11.07.11 n. 15144 quanto all'idoneità dell'atto posto in essere dalla parte, che abbia fatto
affidamento sulla giurisprudenza dell'epoca, ad evitare la decadenza o la preclusione.
14.- In conclusione, quanto al ricorso principale, debbono essere rigettati i motivi primo e secondo e
debbono essere accolti i motivi terzo, quarto e quinto del ricorso principale, con assorbimento del
sesto. Deve essere, inoltre, accolto il ricorso incidentale, dichiarando la giurisdizione del giudice
ordinario anche per la parte della domanda antecedente al 1.07.98.
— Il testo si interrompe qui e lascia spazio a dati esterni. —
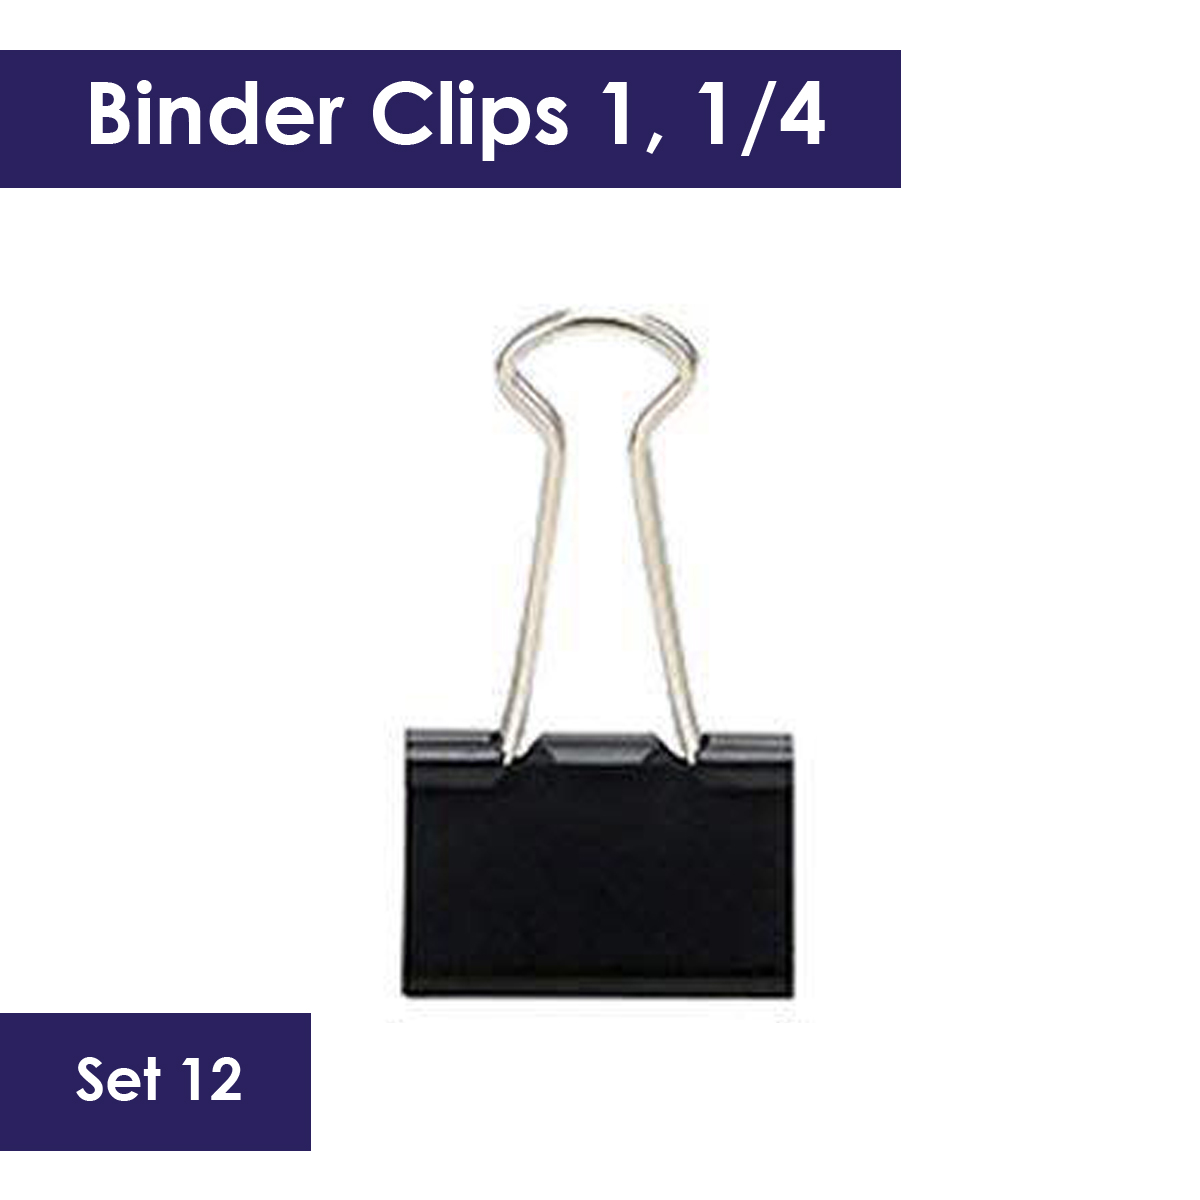 Binder Clips 1-1/4

15.- La sentenza impugnata deve essere cassata con rinvio al giudice indicato in dispositivo il quale,
previ gli accertamenti indicati al capo 10 che precede, farà applicazione del seguente principio di
diritto: il tempo occorrente per la vestizione e la svestizione degli indumenti di lavoro rientra
nell'orario di lavoro effettivo, e deve essere retribuito come tale, ove dette operazioni, con apposita
disciplina del momento e del luogo di esecuzione, siano imposte dal datore di lavoro, mentre non
deve essere retribuito ove la scelta di momento e luogo sia lasciata al lavoratore.
Lo stesso giudice, in ragione del riconoscimento della sua giurisdizione qui effettuato, prenderà in
esame con le medesime prescrizioni anche la parte della domanda riguardante il periodo del
rapporto di impiego antecedente il giorno 1.07.98 e pronunzierà, altresì, sulle spese del presente
giudizio di legittimità.
P.Q.M.
La Corte, a Sezioni unite, riuniti i ricorsi, così provvede:
- rigetta il primo ed il secondo motivo del ricorso principale ed accoglie i motivi terzo, quarto e
quinto, con assorbimento del sesto, accogliendo, altresì il ricorso incidentale;
- dichiara la giurisdizione del giudice ordinario anche per la parte della domanda antecedente il 1
luglio 1998 e, cassata la sentenza impugnata, rinvia alla Corte d'appello di Milano in diversa
composizione anche per le spese del giudizio di legittimità.
Così deciso in Roma, il 12 marzo 2013.